Colby Ranger's recent contribution to contrib/persistent-https
provides a local proxy server for Git over HTTP that tries to reuse
HTTP connections across Git command invocations. This can go further
than even git:// does with TCP connection reuse, cutting latency. Of
course a user can do the same thing with their own local HTTP proxy,
but persistent-https can be easier to install and configure.

>> How does this fair going through crappy proxy servers that perform
>> man-in-the-middle attacks on SSL connections? Just last week I was
>> trying to help someone whose local proxy server was MITM the SSL
>> session behind Git's back, and their IT department forgot to install
>> the proxy server's certificate into the system certificate directory.
>> They only installed it into the browser. That proxy also doesn't
>> correctly grok HTTP 1.1 keep-alive with chunked transfer encodings.
>> Let alone something as new as web sockets.
>
> Proxy servers could be an issue, yes. For proxy servers not acting as MITM
> and which are supporting CONNECT this shouldn't be an issue though.

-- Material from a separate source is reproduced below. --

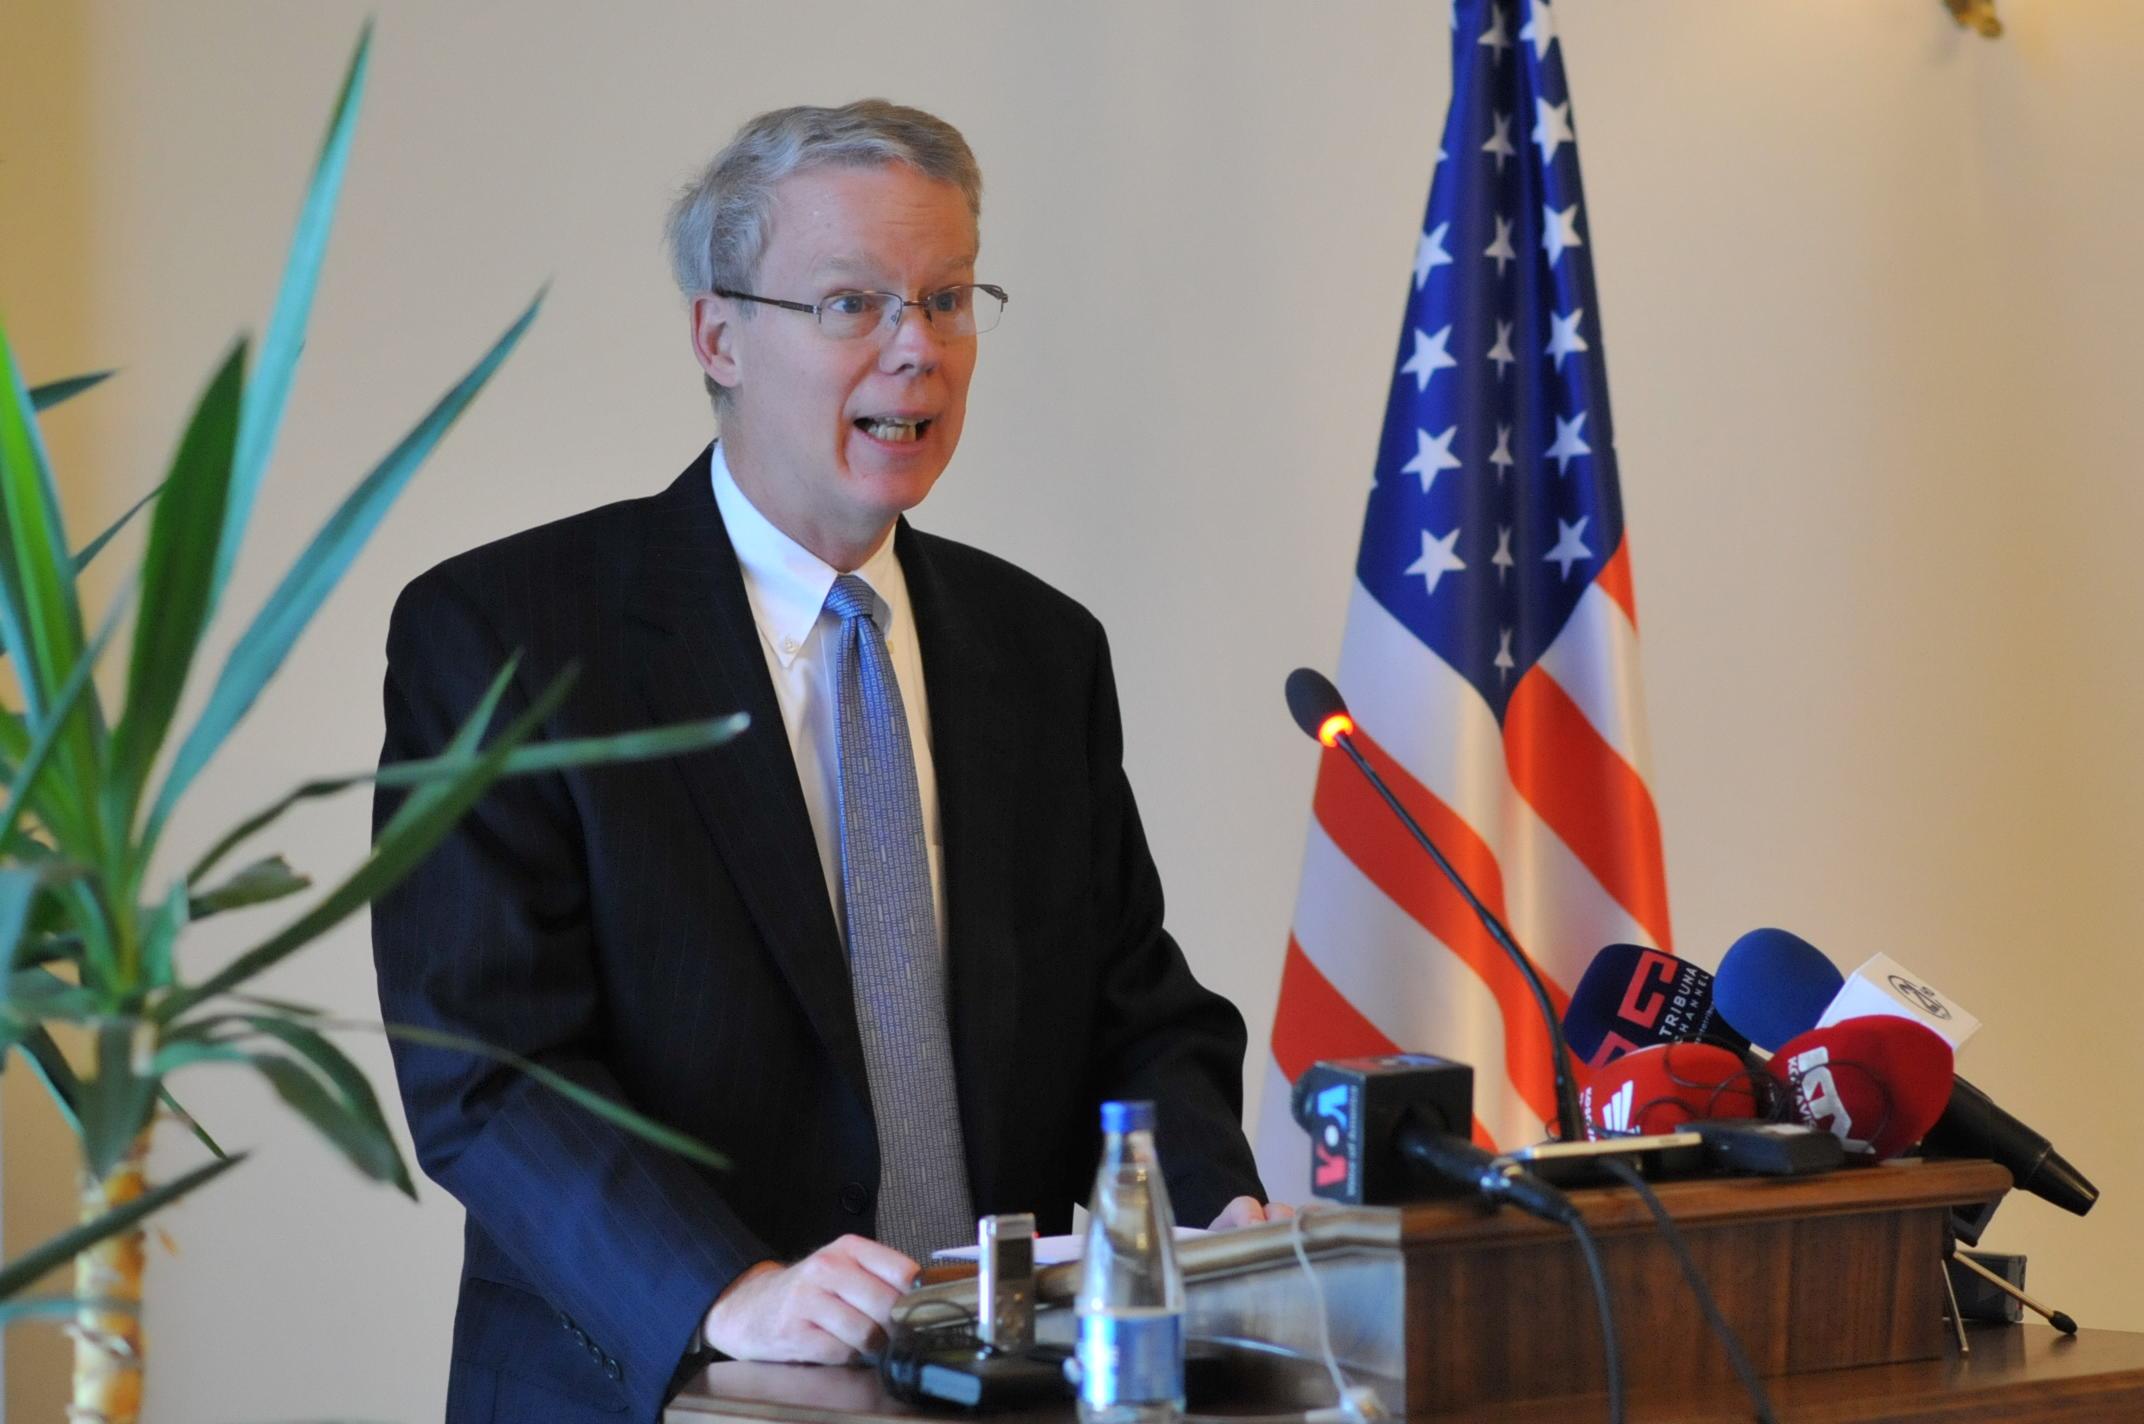 Rrëzimi i qeverisë në Kosovë, ambasada amerikane: Kuvendi e tha fjalën e tij!

I am still annoyed by the failure of "Expect: 100-continue". The
original smart HTTP protocol used this during push to try and avoid
sending a 100 MiB POST payload before finding out authentication is
required and failing. It turns out far too many HTTP servers and proxy
servers do not correctly implement 100-continue to rely on it in the
protocol, so we had to back that out and use a special POST body with
4 bytes to "probe" the remote server before sending the full payload.

100-continue is in RFC 2616, dated June 1999. My calendar says June
2012. So 13 years later and we still cannot rely on 100-continue as
specified by RFC 2616 working correctly on the public Internet.

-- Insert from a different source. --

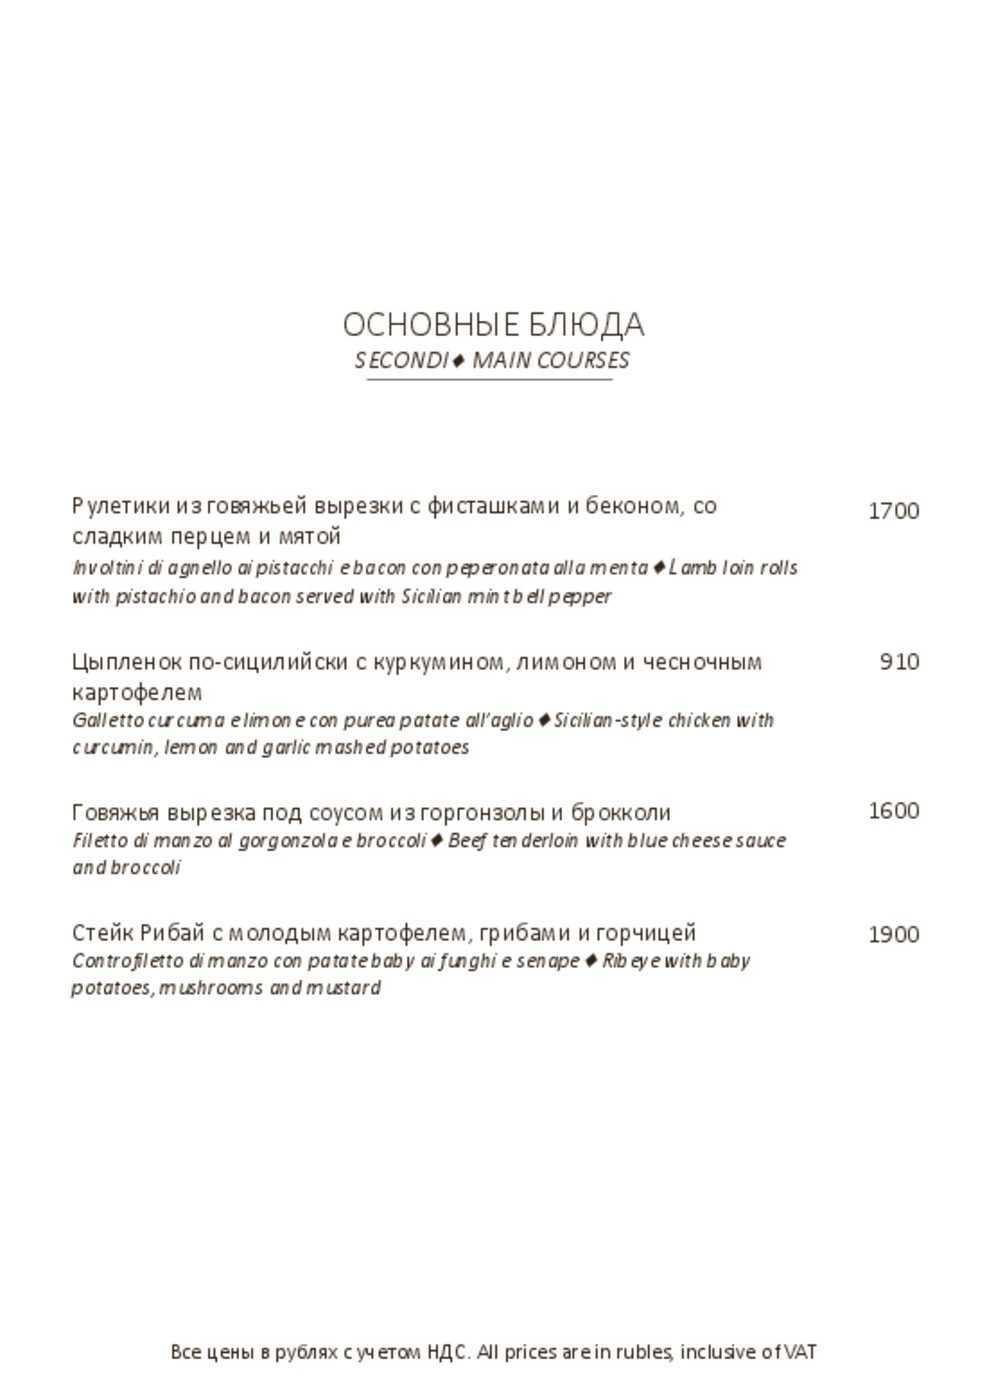 Меню ресторана Imperial Restaurant (Империал) на Невском проспекте

Chunked Transfer-Encoding is described in RFC 2038, dated Jan 1997 and
is the RFC that RFC 2616 made obsolete. This is still not working
reliable everywhere... 15 years after being specified proxy servers
are still converting chunked transfer encoding to "Connection: close"
and destroying any HTTP keep-alive that might have been possible.

Basically I learned a lot in the past 2 years deploying Git on a
rather broad scale with HTTP. The public Internet doesn't resemble the
standards enough, and you really have to code to the lowest common
denominator, because there is some user out there that matters to you
who is stuck behind some HTTP proxy that implements the HTTP standard
as it existed in 1995 and whose managers/suppliers refuse to bring
forward to the current century.

> Also, given the current HTML5 hype things should get better in the future,
> but you are correct about potential current issues with the approach.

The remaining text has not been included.